**Task to complete**
Find the line below with "100% S3 Mirror" and the line with "Led deckenleuchte lampe". Output exactly those lines and everything between them, leaving out the pictures.

**Data records**
━━━━━━━━━━━━━━━━━━━━━━━━━━━━━━
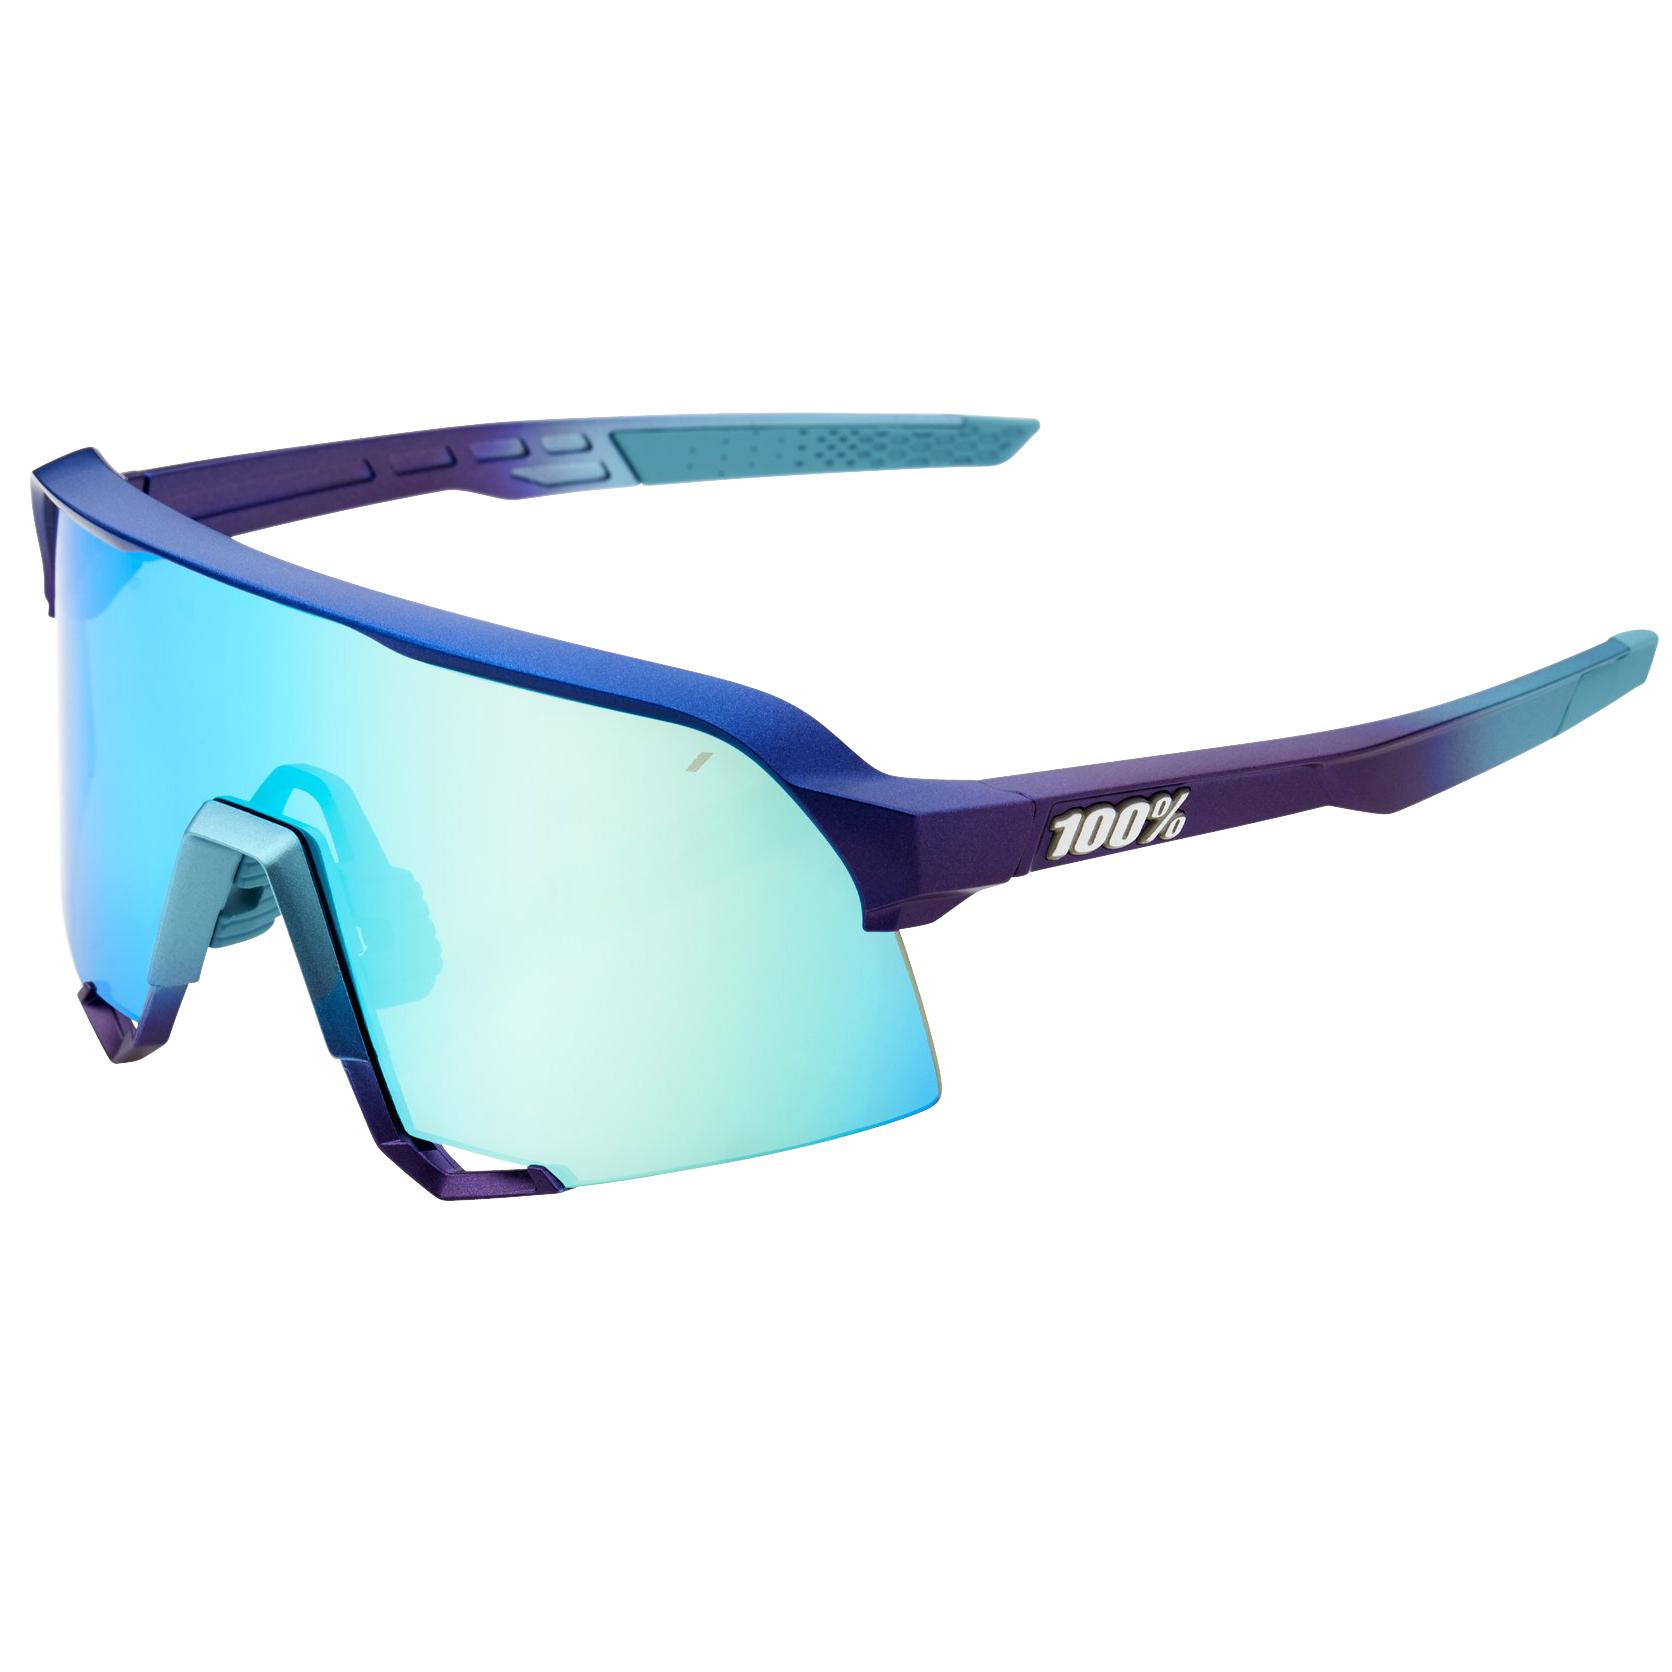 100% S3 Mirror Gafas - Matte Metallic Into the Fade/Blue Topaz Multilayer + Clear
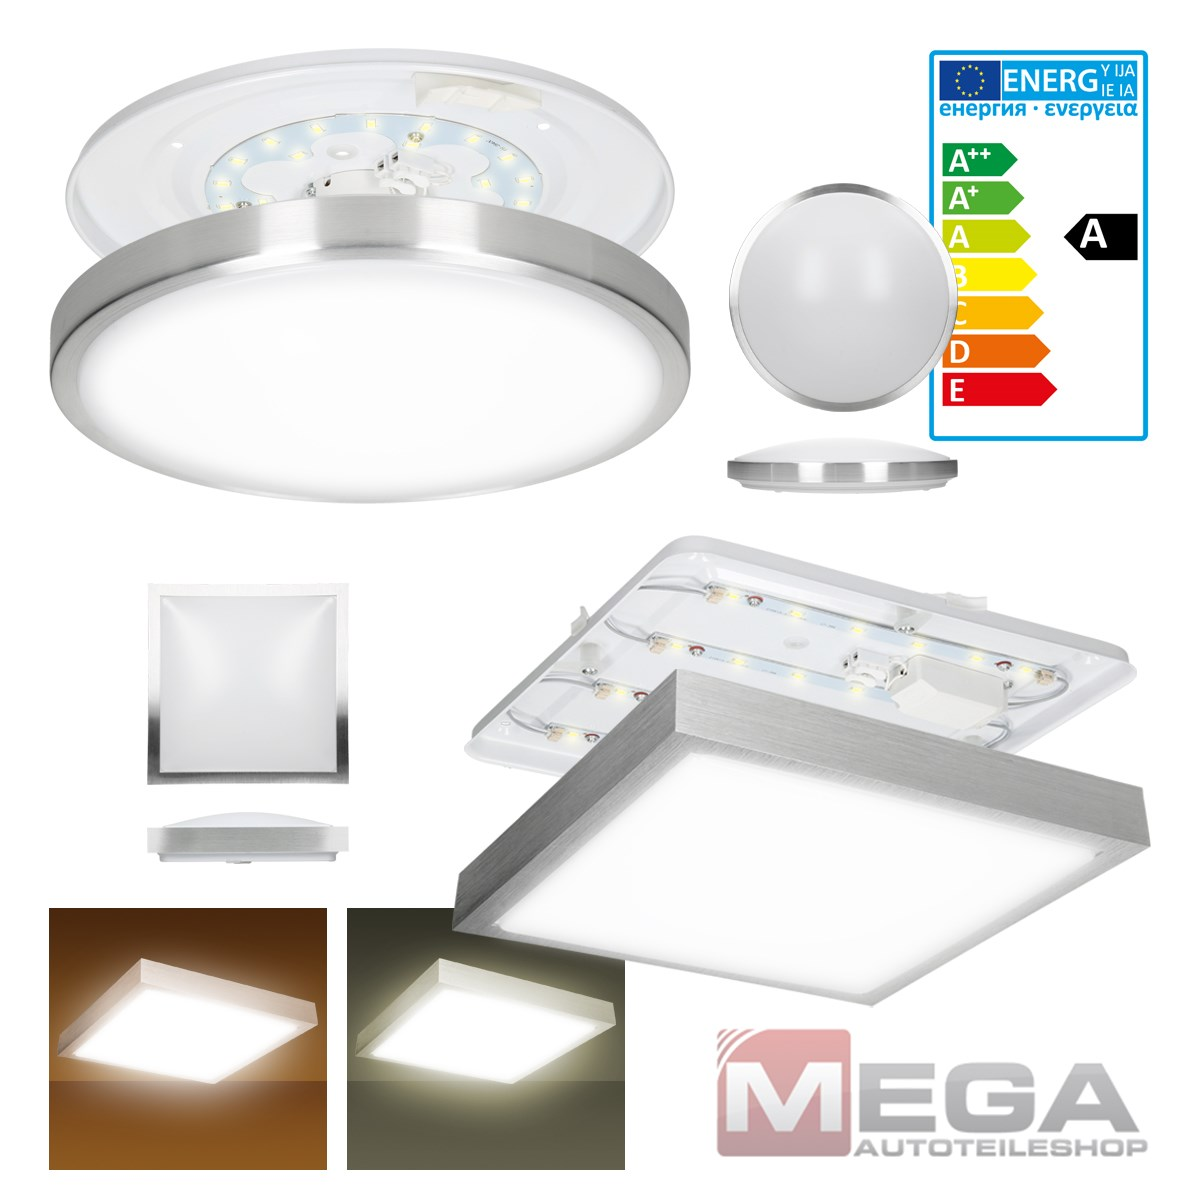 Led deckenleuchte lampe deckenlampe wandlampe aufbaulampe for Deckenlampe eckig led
━━━━━━━━━━━━━━━━━━━━━━━━━━━━━━
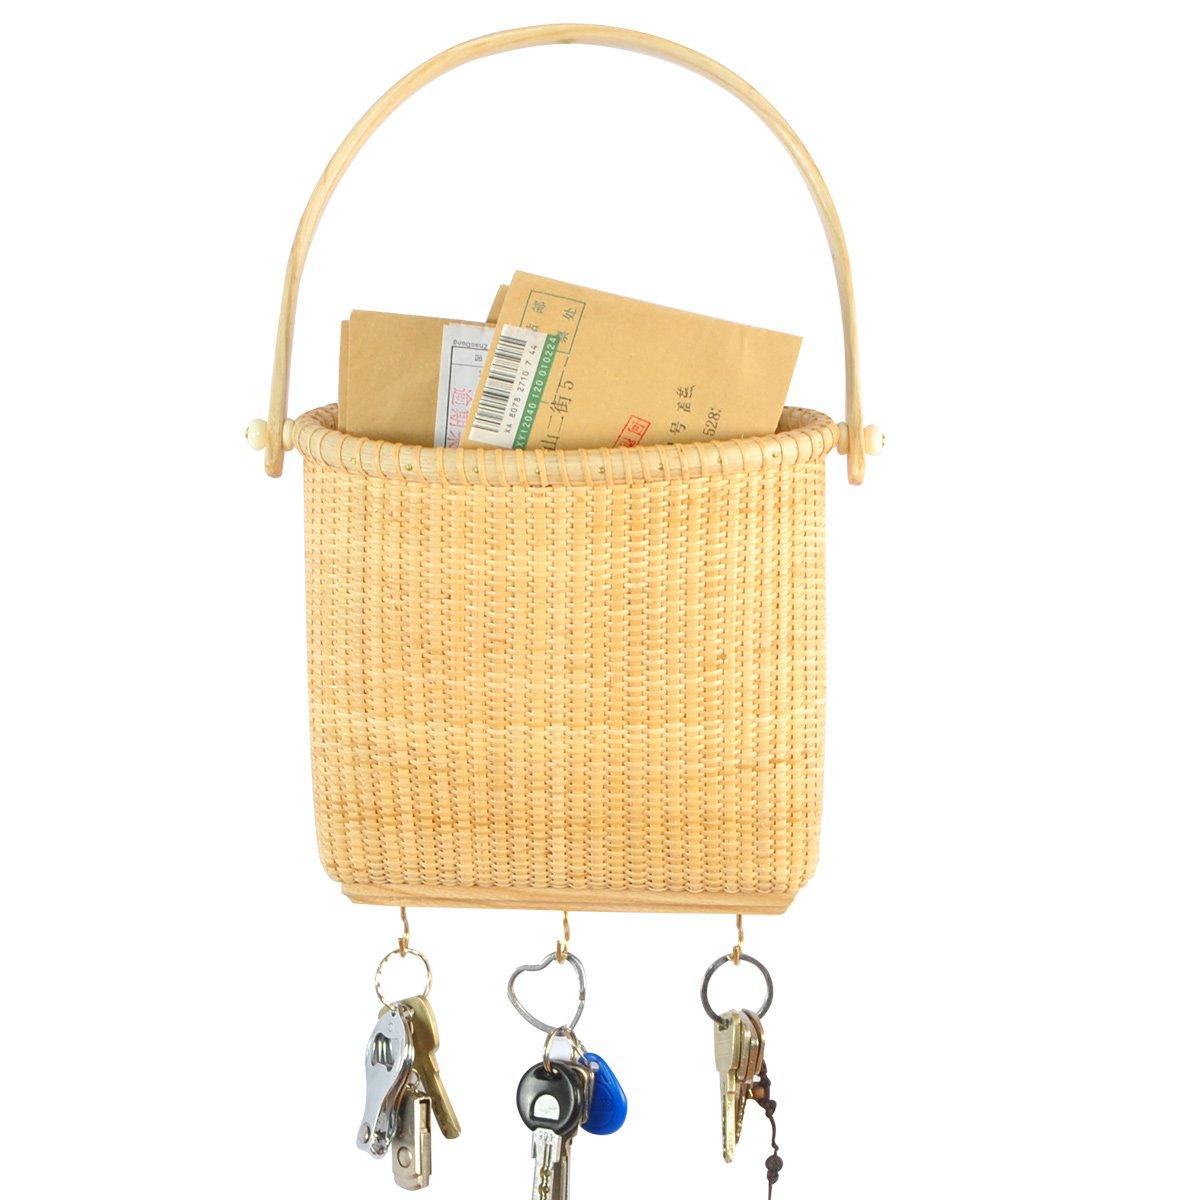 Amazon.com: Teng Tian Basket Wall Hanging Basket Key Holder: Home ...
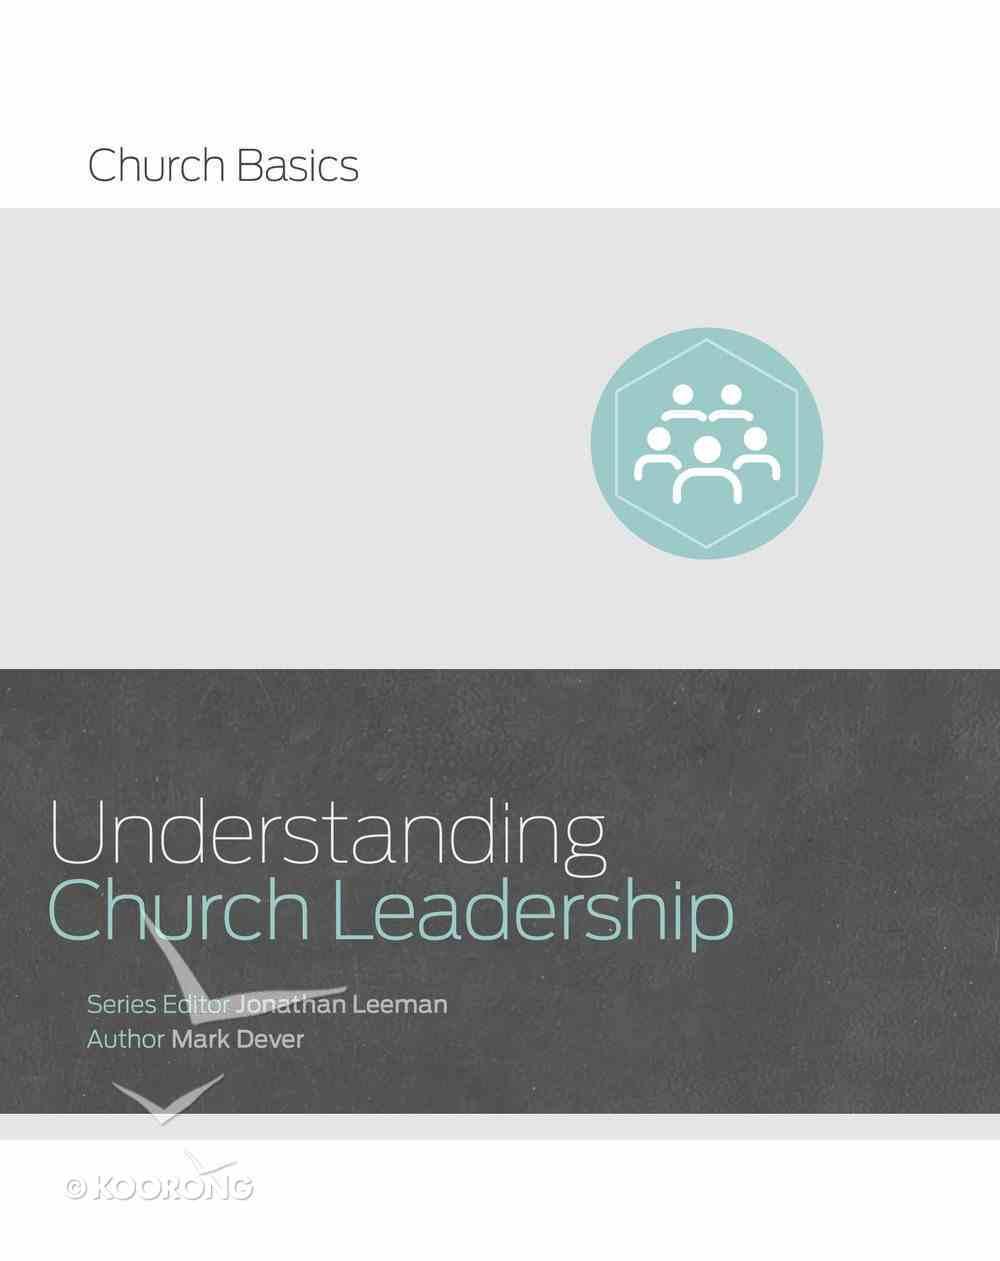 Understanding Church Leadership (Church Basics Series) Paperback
━━━━━━━━━━━━━━━━━━━━━━━━━━━━━━
**Solution for this task**
 100% S3 Mirror Gafas - Matte Metallic Into the Fade/Blue Topaz Multilayer + Clear
 Led deckenleuchte lampe deckenlampe wandlampe aufbaulampe for Deckenlampe eckig led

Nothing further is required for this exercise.